Review: TV Priest – My Other People


TV Priest My Other People

TV Priest are still standing out from the post-punk crowd on their second studio album.

There is a universal but not well publicised side to the human condition which can be applied most to those who get success before they’re ready for it; 99 times out of 100, it comes with baggage and keeps receipts.

Musicians, especially those locked into the industry’s relentless pump-and-dump hype cycle, are more victims of this than many others across the arts and, despite their relative underground status, TV Priest are as eloquent an illustration of the syndrome as any other.




Barely formed, their coruscating 2019 debut single House Of York won the quartet of Londoners a deal with Sub-Pop for their widely acclaimed first album, Uppers.

Dropping during lockdown, its impact still surprised the band – singer Charlie Drinkwater later admitting: ‘I wasn’t prepared…It was all very quick. It felt kind of divorced from reality’.

In considering the follow-up however, the search for a repeat and a consistency of sound remained a futile one, Drinkwater positing: ‘Why would I keep making art if I didn’t believe that the best thing was not around the corner?’.

The outcome of following their ears in a world where post-punk has become exceedingly commoditised, on My Other People they continue to stand apart from many supposed peers.

In practice it mixes an ironclad austerity with an often brutal undertow, and lyrics that come from a place for Drinkwater in which recent experience had been a chastening guide.

Opener One Easy Thing is atonal, scraping feedback and white noise chopped out over low-punching bass – ‘Life only comes in flashes of greatness’, growls the singer in what passes for a chorus, its essence a recognition that any safety net we see is an illusory one.



Part of the band’s appeal is a bleakness married to energy; I Am Safe Here jitters with an eye-popping, super dry funk, but its dancefloor appeal is tempered by lines like, ‘To be conscious/Is to be cursed’, the song offering a pithy reverse celebration of movement as a means of forgetting everything else.

Conversely, there is also at its core an understanding that if nothing else sharing this sentiment with an empty room is futile.

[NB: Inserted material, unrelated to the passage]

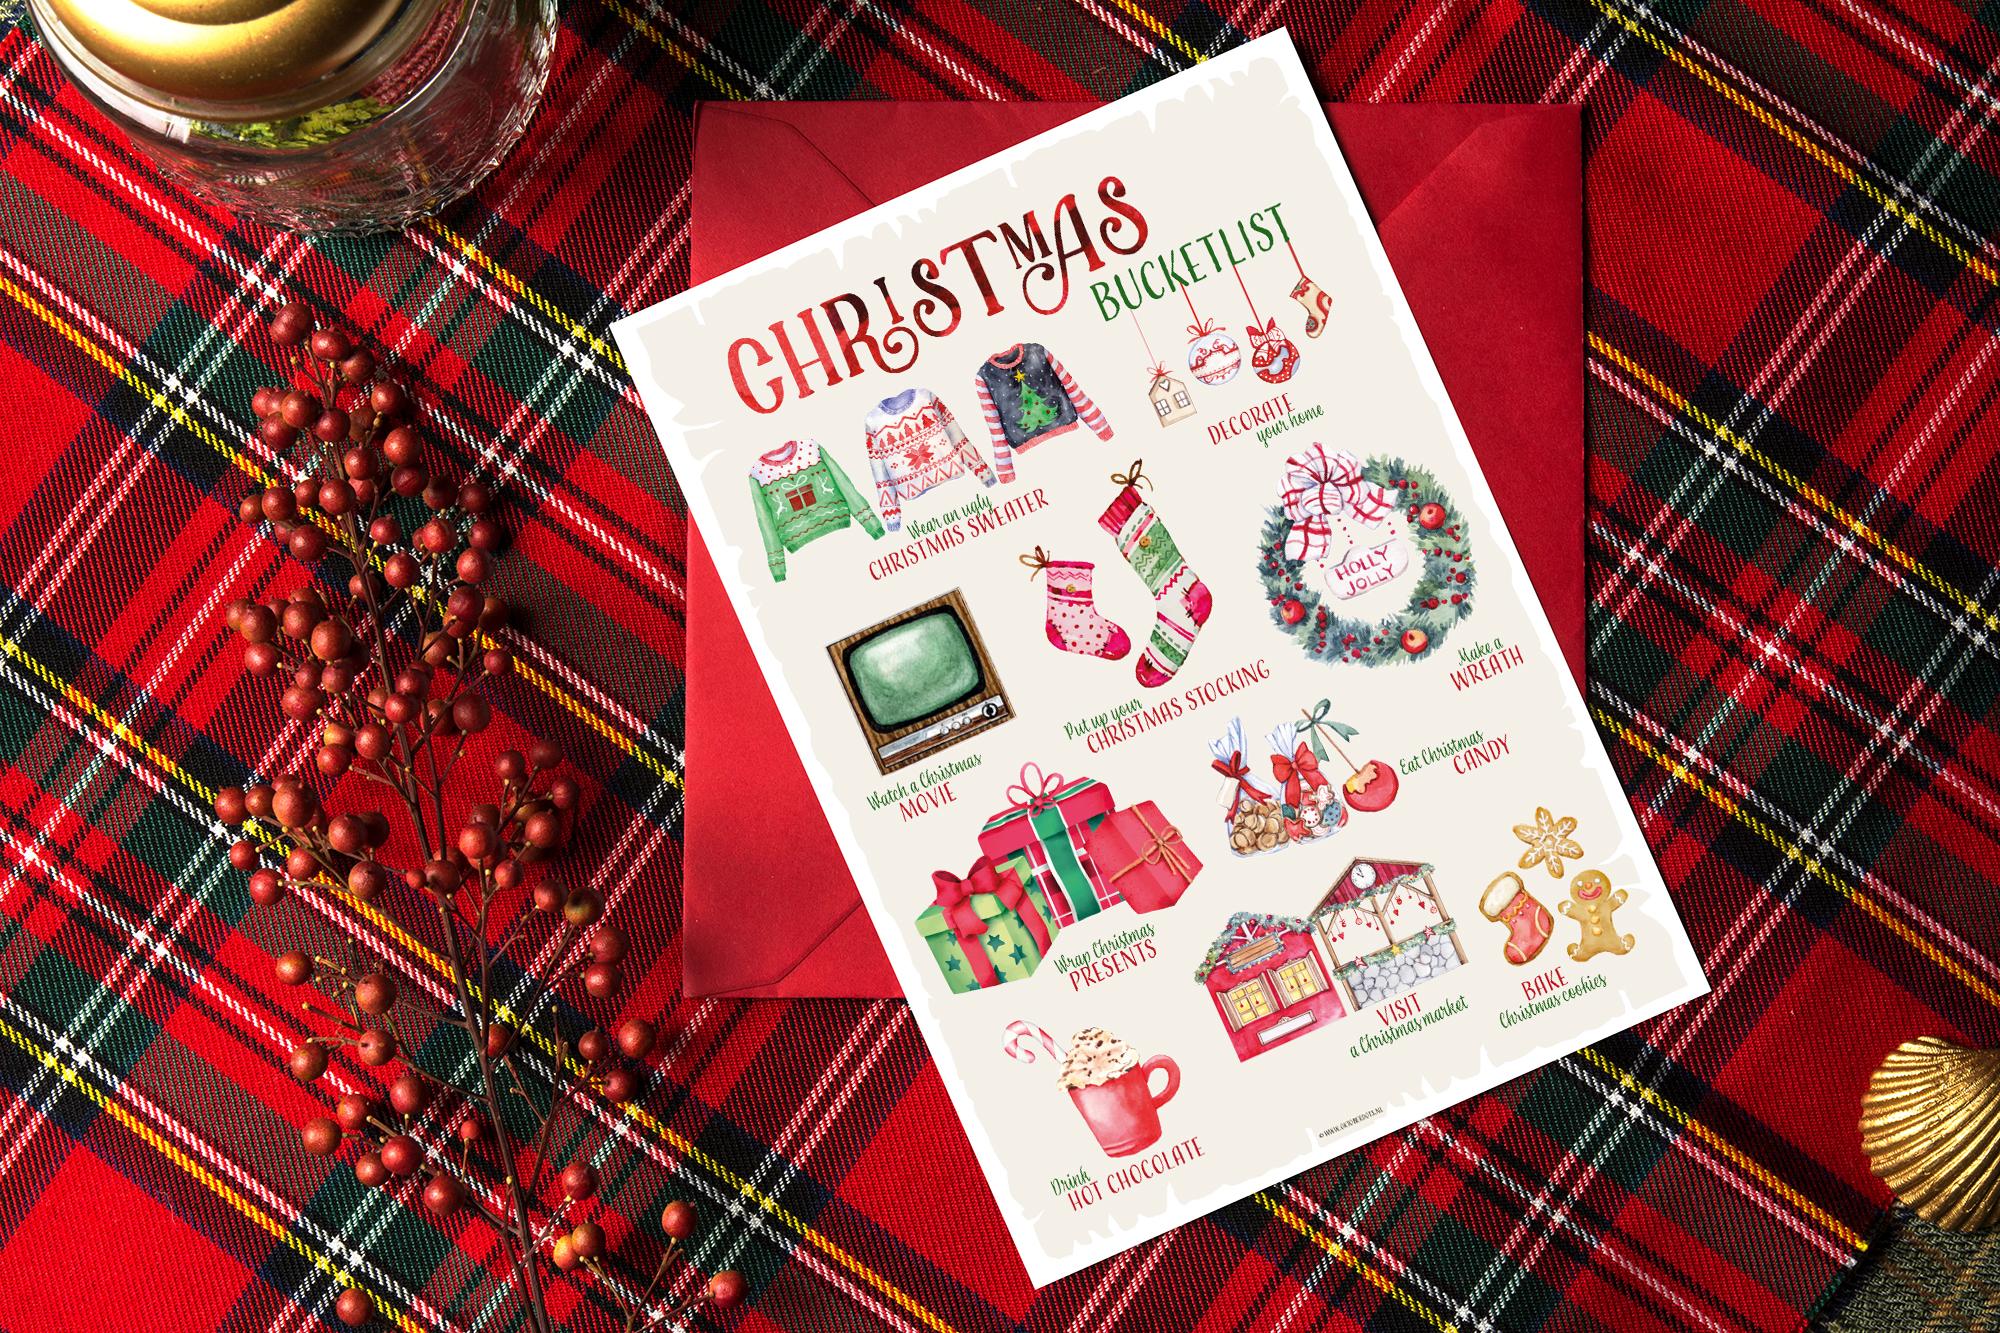 Oktoberdots Christmas bucketlist free printable

It Was A Gift opens at an angle, but the light in it scratches away to the surface like a cat in a bag, whilst Bury Me In My Shoes drags itself outside like we all did after being cooped up; a song about dealing with life’s minutiae, it fades like resolve sometimes does.

Keeping things this simple sounds easier in theory than it proves to be in practice – maybe that’s the point. Limehouse Cut is an abstraction, the pace slowed, a grit-flecked picture of how easy it is to become exiled from where you live by tiny but equilibrium-shredding changes, whilst the Happiest Place On Earth is a sinuous ballad with disorientating side effects of its own.

There are antecedents here; Idles; the clattering punk of Detroit’s ever visceral Protomartyr; even a blue Evan Dando, but the best moment belongs to none of them, It Was Beautiful splitting qualities up, a majestic crawl forward on all fours that finishes one or two paces back from the ledge of greatness.

You can’t always get what you want and when you get it you probably don’t want it anyway. Words to live by, and for TV Priest to use and ignore on My Other People as they see fit.

It’s hard to embrace, otherwise what’s everything for. You can listen to this record whilst making your mind up.